When Seth Waugh accepted the job as the PGA of America’s chief executive officer in 2018, he pledged to try to make lives better for nearly 28,000 members of the organization.
Three years later, he has done so in an important and meaningful way.
At the association’s annual meeting last week in Milwaukee, Wisconsin, Waugh introduced a Member Deferred Compensation Plan that will enable all members to build long-term wealth. This is effectively a retirement program, and it is a game-changer for the organization.
This program had proven elusive for the PGA of America almost since the Tournament Players Division split from the association in 1968. The challenge has been to create a plan that complies with the daunting rules and regulations of the Internal Revenue Service.
Waugh and his team concluded that the best model for what they have in mind exists at the PGA Tour. So they retained the same law firm that devised the tour’s plan. They received feedback from the tour. And they developed their own version and engaged the IRS two years ago.
The plan calls for the identification of activities across all three career tracks (teaching and coaching, golf operations and executive management) for which members can earn retirement credit. Those who participate in these activities and meet performance objectives can earn a contribution from the association toward their deferred compensation fund.
Items on this list have little to do with running normal course operations but refer instead to initiatives that align with the association’s mission and help grow the game. Examples would be supporting the PGA Junior League; hosting a Drive, Chip and Putt event; coaching a high school team; or promoting diversity and inclusion initiatives. The PGA of America will earmark a dollar amount to be contributed to the plan out of general revenues each year. Those contributions are expected to be many millions of dollars each year.
By his nature, Seth Waugh is quick to credit the association board, the officers and the executive team for this achievement. But insiders acknowledge it would not have gotten done without Waugh’s determination and relentless focus on the problem and the opportunity.
The assets earned in an individual’s investment account must remain there until retirement. The aim of the plan is that through time the investments will grow and provide supplemental income at the conclusion of each member’s active service.
It took longer than they had hoped and the COVID-19 pandemic certainly has been an issue, but the IRS recently approved the plan.
There remains much heavy lifting to be done. The association needs to select an administrator to manage investment options of the overall plan, as well as find an administrator of individual member accounts. This will take time so it will be 2023 before the full plan is rolled out to the membership.
Nonetheless, it is a historic moment for the PGA of America.
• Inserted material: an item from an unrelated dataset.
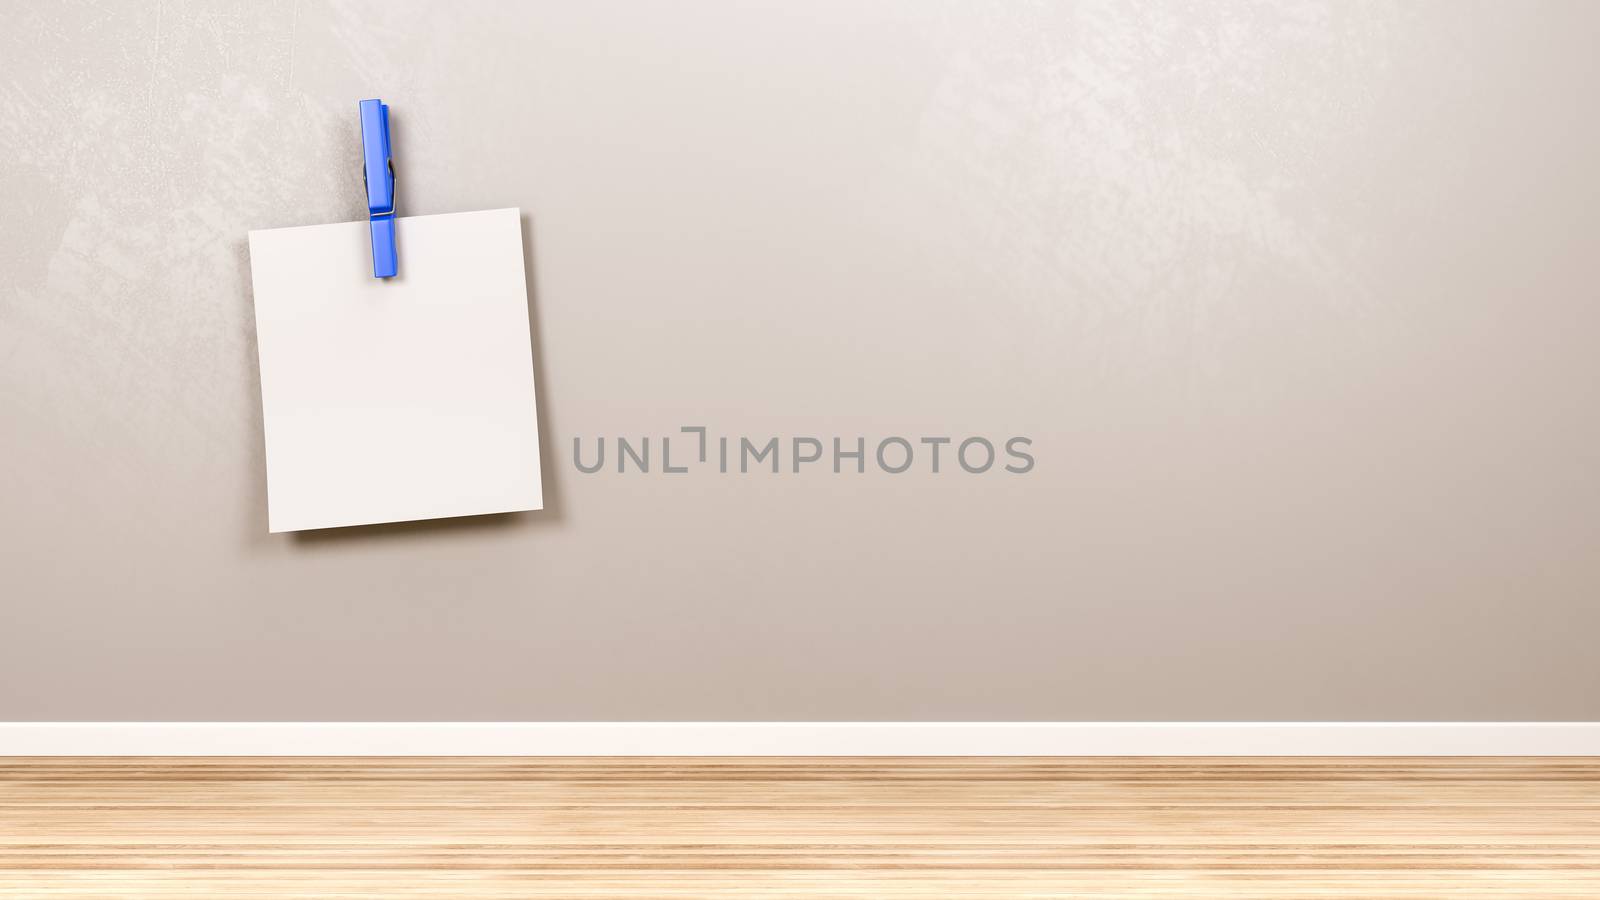 Blank Paper Note with Blue Clothespin Against Gray Wall in the Room with Copyspace 3D Illustration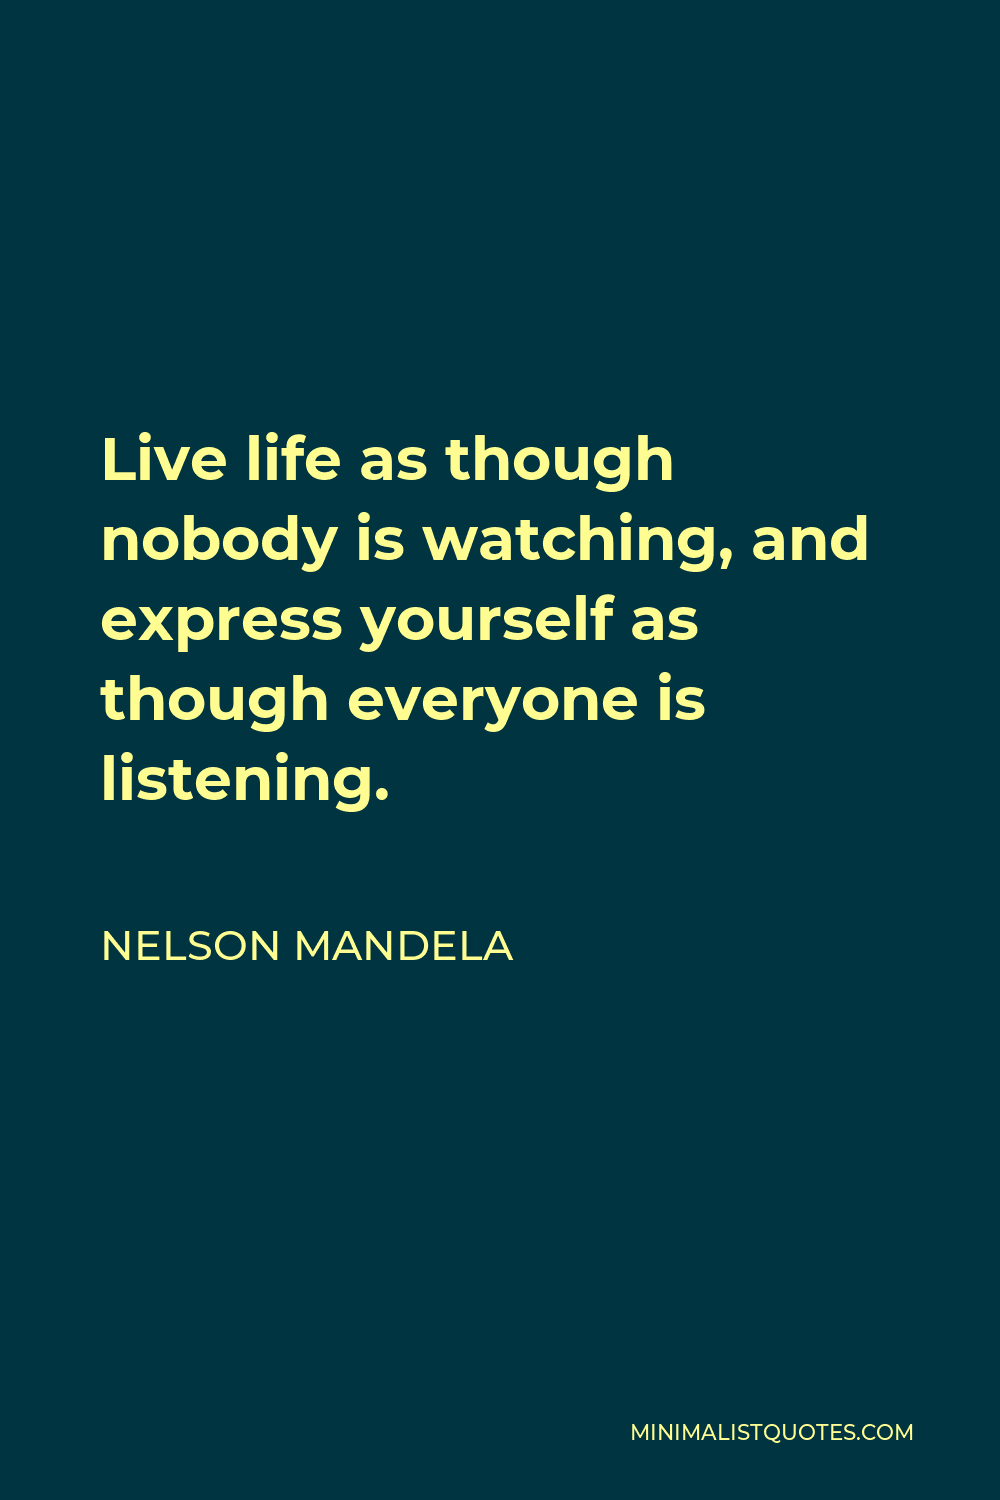 Nelson Mandela Quote - Live life as though nobody is watching, and express yourself as though everyone is listening.

Where this plan may well make a difference is in recruiting and retaining members. Association members will now have what other businesses can offer employees, filling a benefit gap that might cause members to leave the profession or not join it at all.
By his nature, Waugh is quick to credit the association board, the officers and the executive team for this achievement. But insiders acknowledge it would not have gotten done without Waugh’s determination and relentless focus on the problem and the opportunity. It was a huge risk for an organization that is not accustomed to taking risks; if he failed to get it done after taking on the challenge, it might have been how his tenure was remembered.
Tom Henderson has had an interesting perch from which to view this effort. He was head golf professional at Round Hill Country Club in Connecticut for 34 years until he retired in late 2020. He is a former PGA of America Golf Professional of the Year, and he has served on the association’s board.
He was there when Waugh was hired, and he observed that taking this challenge is why Waugh got the job.
“This is something we have been looking at for a long time,” Henderson told Global Golf Post. “And I applaud Seth for getting it done.”